FIRST AMENDMENT TO CONVERTIBLE NOTE AGREEMENT, WARRANT AGREEMENT,
AND WARRANTS
This First Amendment to Convertible Note Agreement, Warrant Agreement,
and Warrants (herein, the "Amendment") is entered into as of March 31, 2001,
among Vision Twenty-One, Inc., a Florida corporation (the "Borrower"), the
Lenders party hereto, and Bank of Montreal as Agent for the Lenders.
PRELIMINARY STATEMENTS
A. The Borrower, the Lenders, and the Agent are parties to a
Convertible Note Agreement, dated as of November 10, 2000 (herein, the
"Convertible Note Agreement"), and a Warrant Agreement dated as of November 10,
2000 (herein, the "Warrant Agreement"). All capitalized terms used herein
without definition shall have the same meanings herein as such terms have in the
Convertible Note Agreement.
B. The Borrower and the Lenders have agreed to amend the
Convertible Note Agreement, the Warrant Agreement, and the Warrants issued under
the Warrant Agreement on the terms and conditions as provided for in this
Amendment.
NOW, THEREFORE, for good and valuable consideration, the receipt and
sufficiency of which is hereby acknowledged, the parties hereto agree as
follows:
SECTION 1. AMENDMENTS TO THE CONVERTIBLE NOTE AGREEMENT.
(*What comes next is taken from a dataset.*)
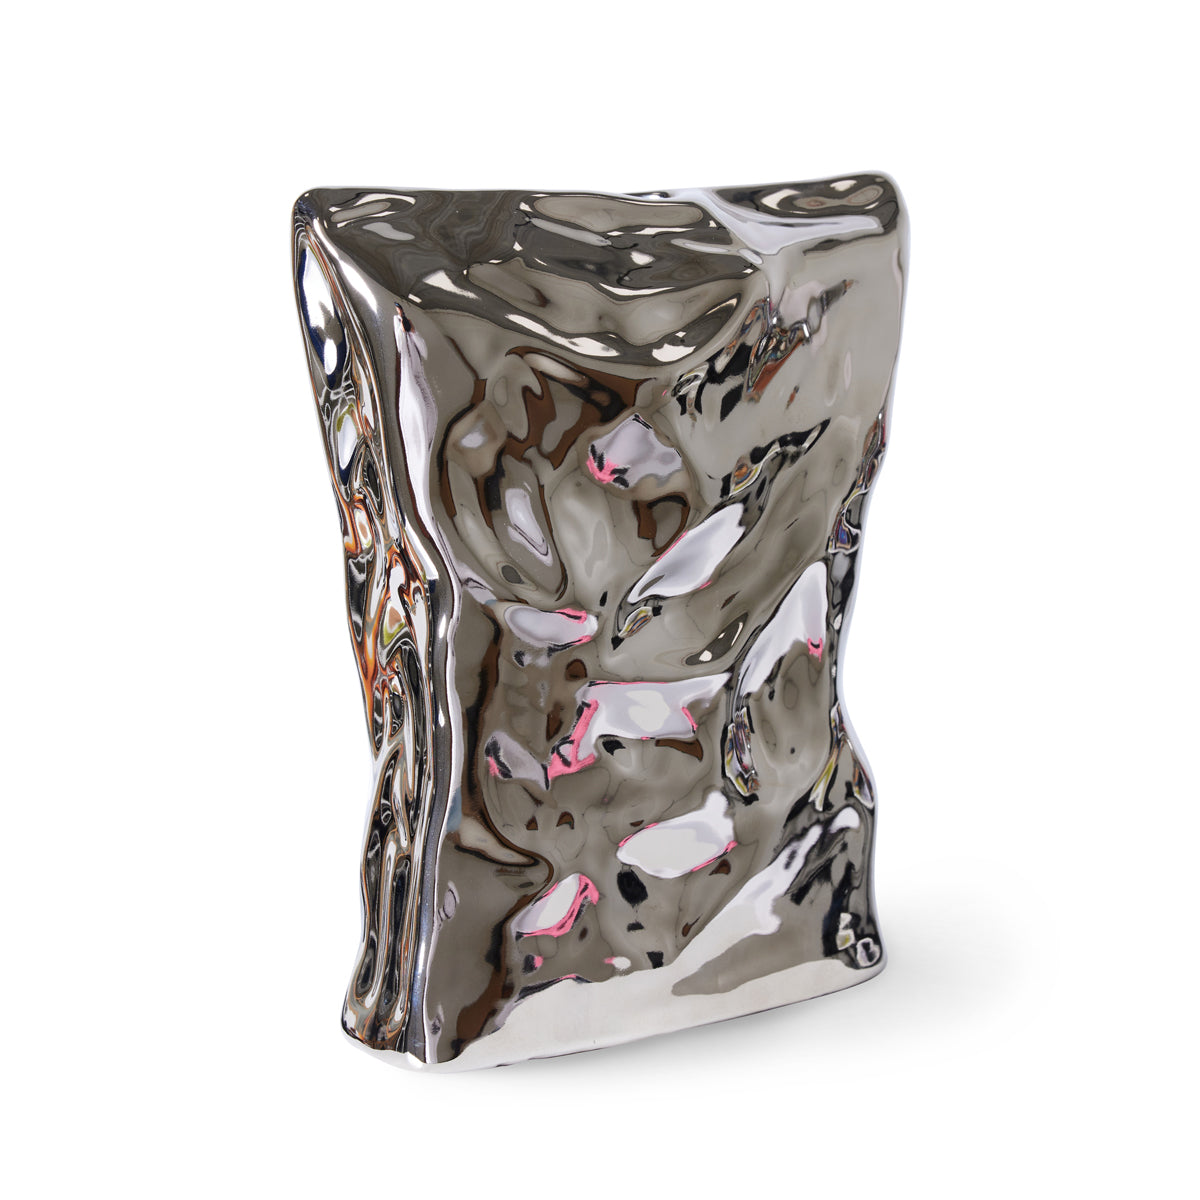 Hk Objects: Bag of Crisps Vase

Subject to the satisfaction of the conditions precedent set forth in
Section 3 below, the Convertible Note Agreement shall be and hereby is amended
as follows:
1.1. Section 4.1(i) of the Convertible Note Agreement
shall be amended and restated in its entirety to read as follows:
(i) the Borrower and its shareholders
fail to approve and authorize the increase in the
authorized shares of the Borrower's capital stock
pursuant to the Plan of Restructuring by May 31,
2001, or the Borrower fails to reserve sufficient
shares of authorized capital stock of the Borrower to
satisfy the requirements of the Notes and this
Agreement by such date.
1.2. The definition of "Additional Shares of Common Stock"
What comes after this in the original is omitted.